Uncial 0100
- Text: Gospel of John 20 †
- Date: 7th century
- Script: Greek–Coptic diglot
- Now at: Bibliothèque nationale de France
- Size: 37 cm by 38 cm
- Category: none

= Uncial 0100 =

Uncial 0100 (in the Gregory-Aland numbering), ε 070 (Soden), is a Greek-Coptic diglot uncial manuscript of the New Testament. It is dated palaeographically to the 7th-century.

== Description ==

The codex contains a small part of the Gospel of John 20:26-27.30-31, on one parchment leaf.

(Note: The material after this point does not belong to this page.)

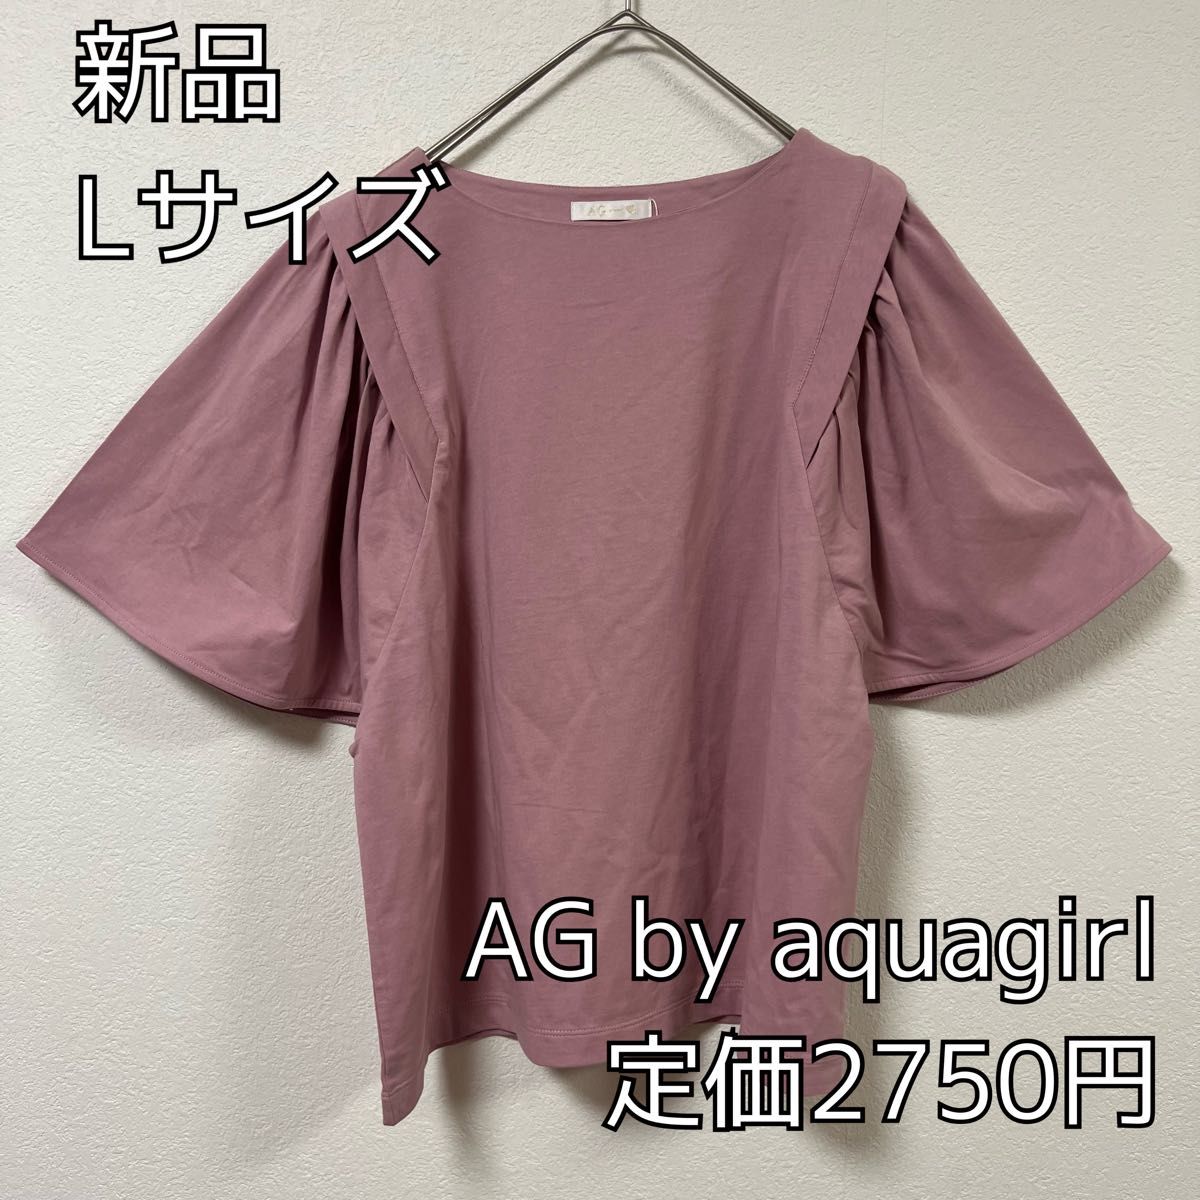 3645 AG by aquagirl 半袖カットソー Tシャツ
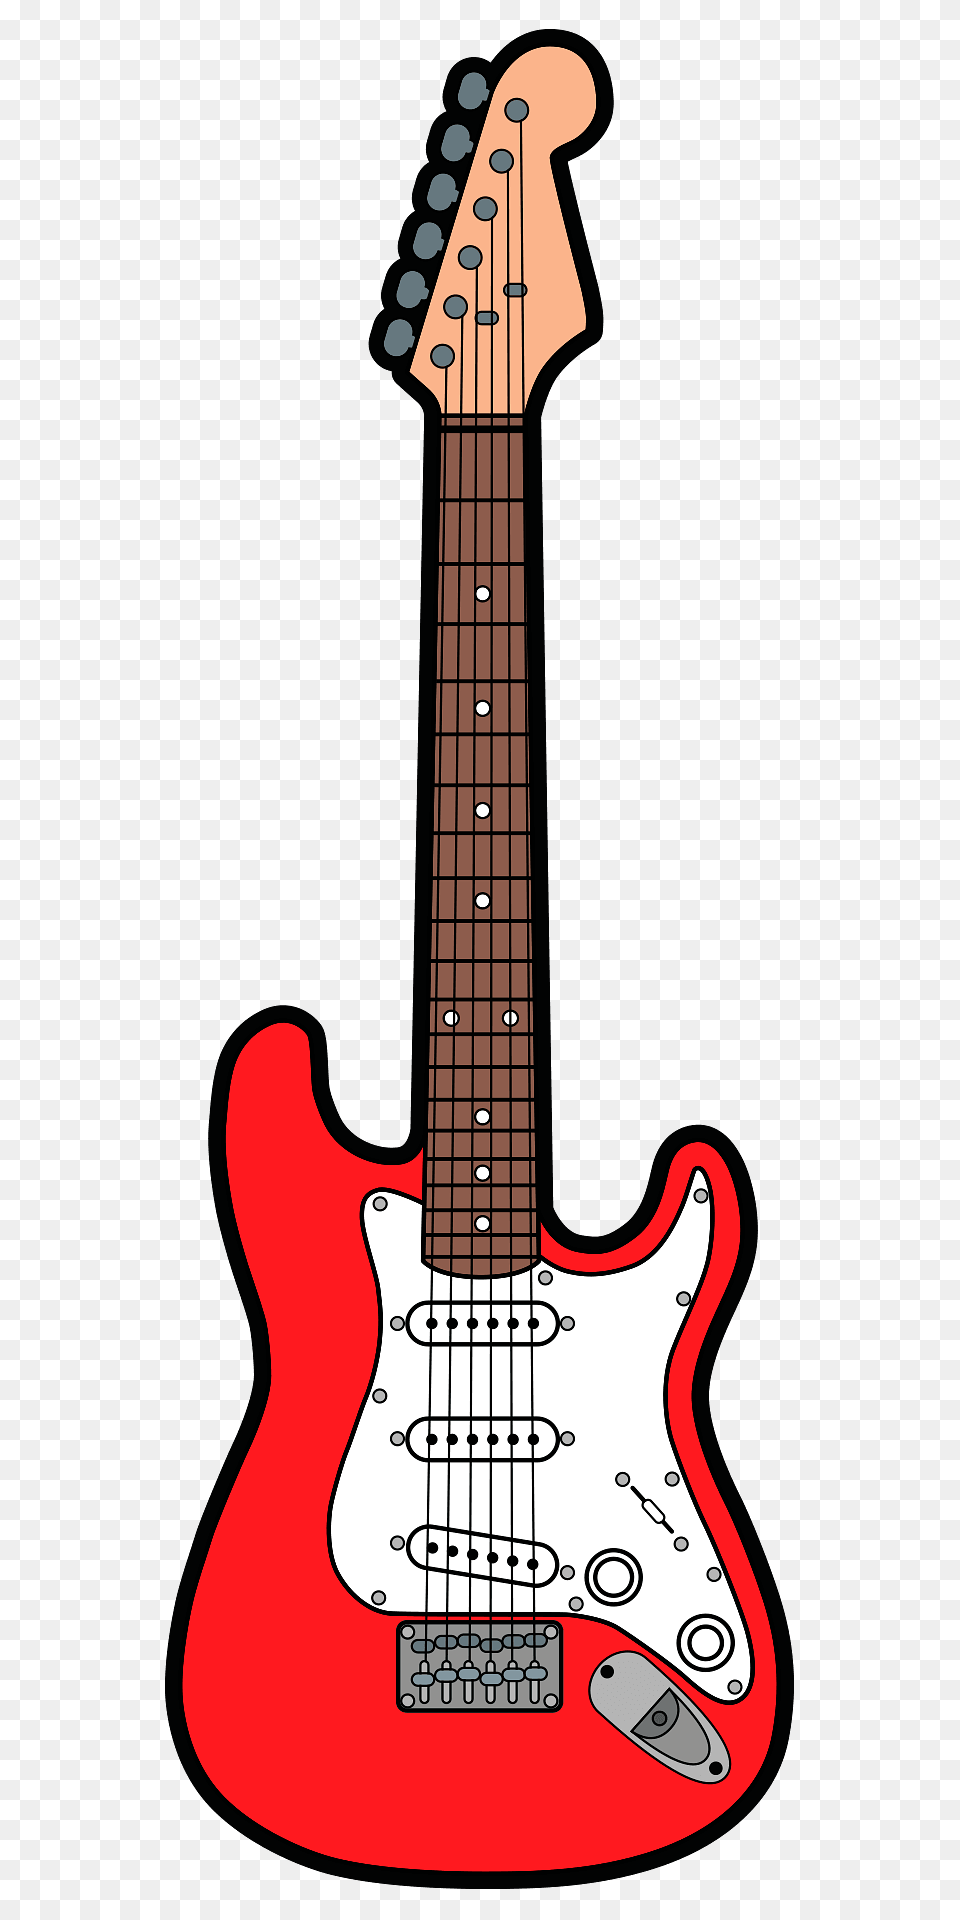 Guitar Clipart, Bass Guitar, Musical Instrument, Electric Guitar Png

The text is written in two columns per page, 33 lines per page, in large uncial letters.

Currently it is dated by the INTF to the 7th-century.

From the same manuscript originated another leaf now catalogued as Uncial 0195. It represents a part of lectionary 963 (ℓ 963), and should be classified among the lectionaries than the uncials.

The codex currently is located at the Bibliothèque nationale de France (Copt. 129,10), at Paris.

== Text ==
The Greek text of this codex Kurt Aland did not place in any Category.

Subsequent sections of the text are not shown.